Connections Over UDP

We’ve now merged something pretty cool: @AudriusButkevicius’ work with integrating the KCP connection type into Syncthing! This gives us connections over UDP for the first time and I’d like to share what you can expect to take away from that.

NAT Traversal

This is the one and only reason for doing this. With UDP and STUN we can establish direct connections between devices that are both behind NAT gateways without any incoming ports open. This means more connections will be direct instead of through relay and get established faster.

Performance

There is a recurring theme that connections over UDP will give better performance than TCP. This is not the case - not in general, and very much not in our case.

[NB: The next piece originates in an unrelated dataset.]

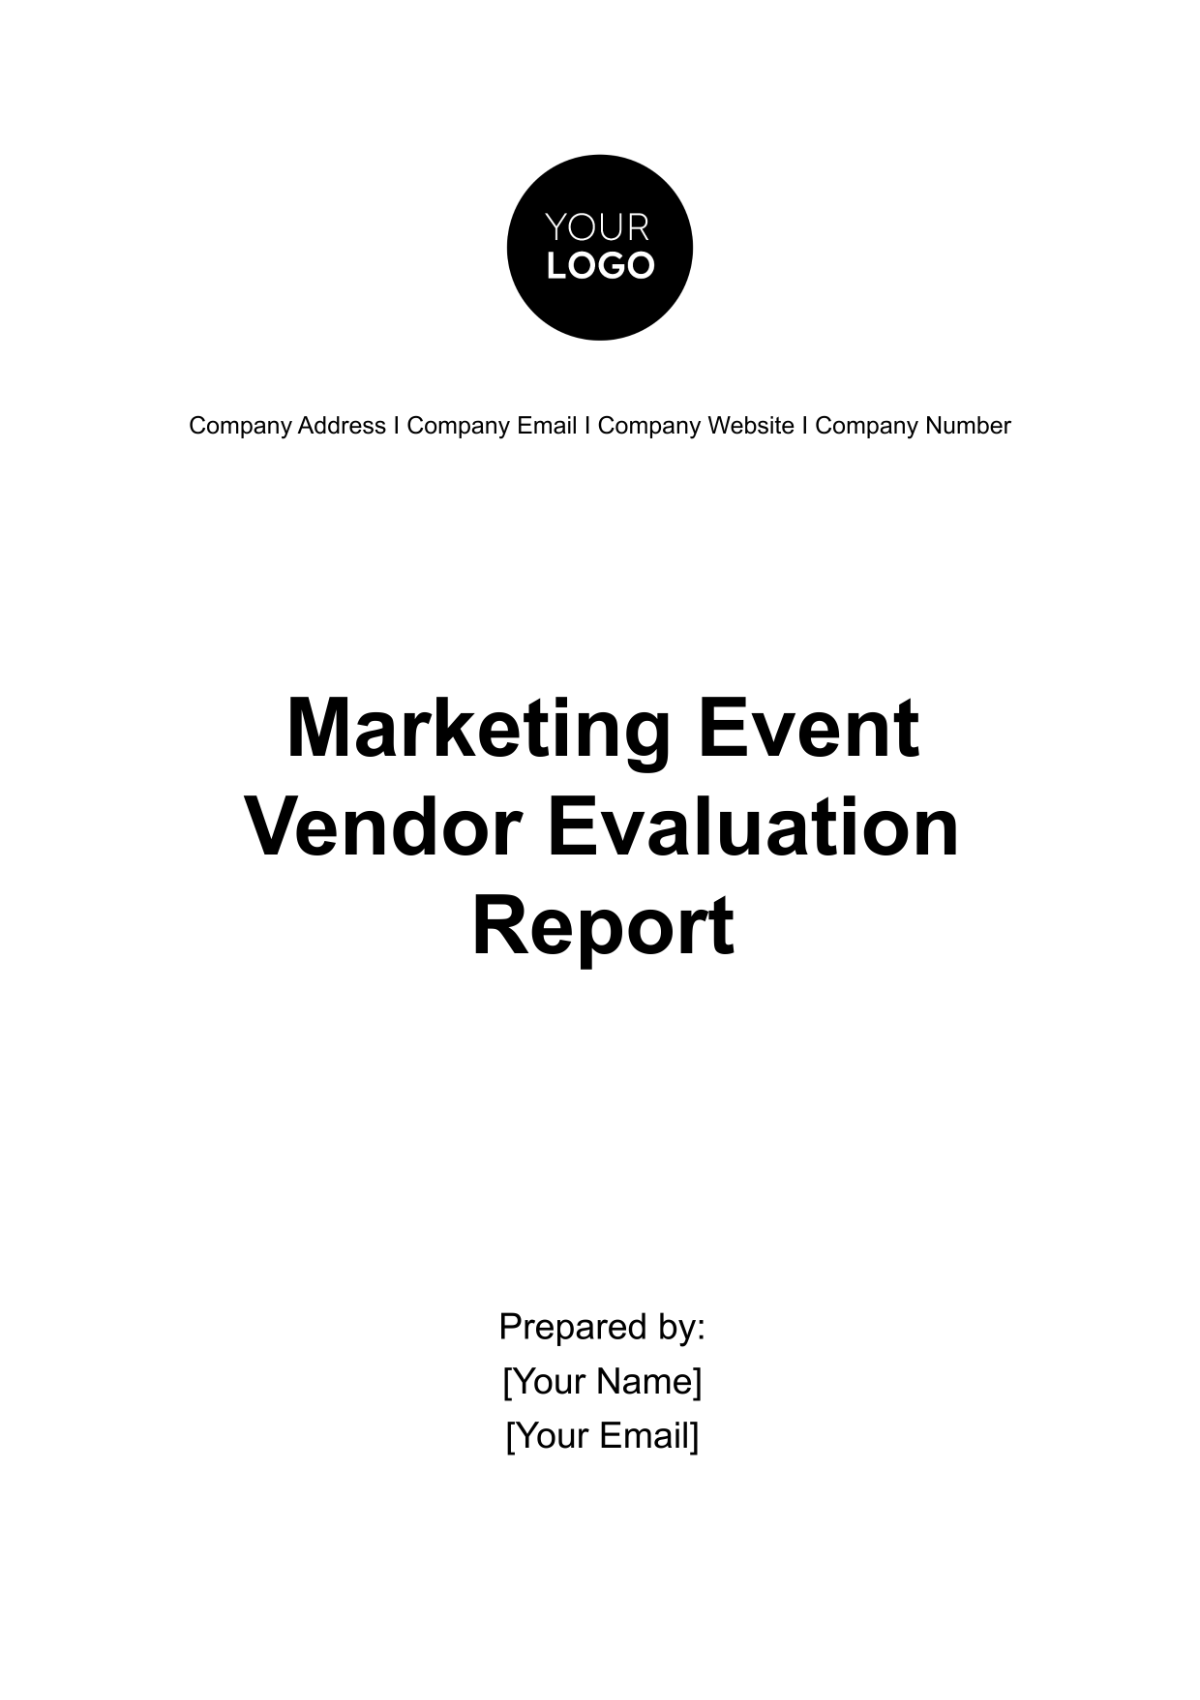 Free Marketing Event Vendor Evaluation Report Template

I know this will come up, so I want to take the time to walk through why it is not the case for us.

Certainly there are cases where a protocol over UDP will outperform TCP. It will do so in specific environments unsuited for TCP, and when the UDP-encapsulating protocol is optimized for exactly that environment. For example in very high performance supercomputer clusters, and in situations with very high latency and packet loss. Those are two vastly different environments though, and the protocols suited for one will perform very badly or not at all in the other.

However, TCP is typically faster for most things inbetween. There are a number of reasons:

  • Lack of a magic bullet. UDP is “faster” than TCP because it does not do ACKs or resends and will stream packets at whatever pace you decide instead of using windowing and congestion control. However, we need the resends, and the windowing, and the congestion control, and so on to make sure data arrives safely and to decide the pace at which we can send packets without dropping them immediately. This means that essentially everything TCP does must be implemented again, but now on top of UDP.

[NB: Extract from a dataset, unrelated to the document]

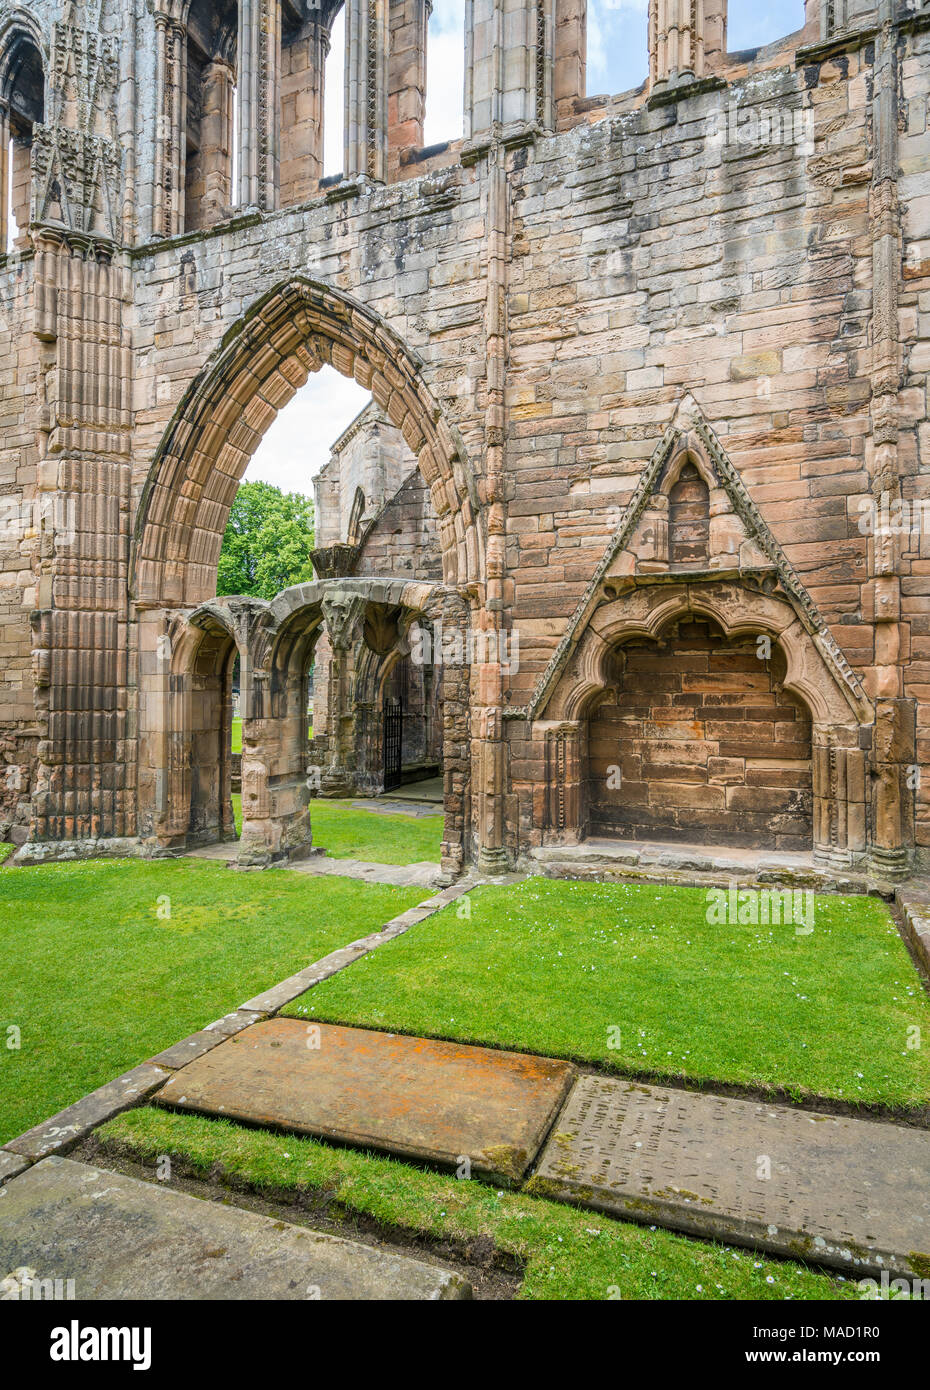 La Catedral de Elgin, ruina histórica en Elgin Moray, en el noreste de Escocia Foto de stock

  • Optimization. TCP has been studied, tweaked and optimized by literally hundreds of people for the last 35 years. The on-top-of-UDP protocol we use has had maybe a person year or two of engineering put into it, best case.

  • Optimization, again. TCP is implemented in the kernel and, in part, in the network card. When using TCP we can make one call to the kernel to hand it a large buffer of data and say “segment and package this as you see fit”. When using UDP, because we have to do that segmenting and packaging ourselves, we hand each packet individually the kernel. Each call to the kernel is expensive and the overhead becomes very significant, especially in Go. The kernel’s TCP stack is also highly optimized for performance while the kernel’s UDP stack is typically not.

All in all, you should expect KCP connections to have lower performance than TCP. Syncthing still defaults to TCP when it can be established, falling back to KCP when that is the only option. A KCP connection will however be significantly better than using a relay and being able to transparently connect through NAT devices increases Syncthing’s “fire and forget” ability significantly.

Usage

The KCP code will be in v0.14.25-rc.1, but disabled by default. It’s immature and has several parameters that will need tuning before it’s ready for general consumption. Don’t use this in production. If you want to participate in the testing you are however very welcome to do so. You will need to feel comfortable editing advanced settings:

  • defaultKCPEnabled: Enable to enable KCP support.
  • kcpCongestionControl: Probably don’t disable this.
  • kcpFastResend, kcpNoDelay, kcpReceiveWindowSize, kcpSendWindowSize, kcpUpdateIntervalMs: These may require tweaking for performance.

You may also need to force a KCP connection by setting the device address statically to kcp://<ip>:22020 or something similar - Syncthing will by default prefer TCP if it’s able to establish a TCP connection, for all the reasons mentioned above.

We will phase in KCP in a future release candidate and then stable release as it proves itself working and has been properly tuned for Syncthing.

8 Likes

We should probably trial smux as the multiplexer again, as yamux had a 27mbps cap. I’ll send a PR sometime for you to run benchmarks, hopefully before the RC.

1 Like

There is weird stuff going on anyway with the bit rates at the moment. I updated the kcp library yesterday as you recommended, and it reduced the rate significantly. Or at least, reduced the “ramp up” rate - a transfer for me starts very slowly, ramps up to hundreds of KB/s then and MB/s over a minute or two. Lowering the update interval seemed to get some of that back, but still way slower than it was before. Probably need to make some graphs or the “sum total” benchmark will be completely misleading.

But really, I expect to iterate this with it off by default over at least several RC:s so no rush to patch everything up now.

That would be awesome and then we could bisect kcp

This is the pull request. It was not linked above, so I add it here:

1 Like

Wat. I was thinking more like the usual perf output fed into R or gnuplot. :expressionless:

That would do too I guess :blush:

And yet while completely off topic here, would be amazing for a non-GUI management panel… :wink:

1 Like

@calmh now that QUIC is becoming a thing, would that be something to look into instead of kcp? Considering it’ll be standardised and all.

Sure

Also the go quic library now supports what we need, which is dialing and listening on the same underlying connection I think.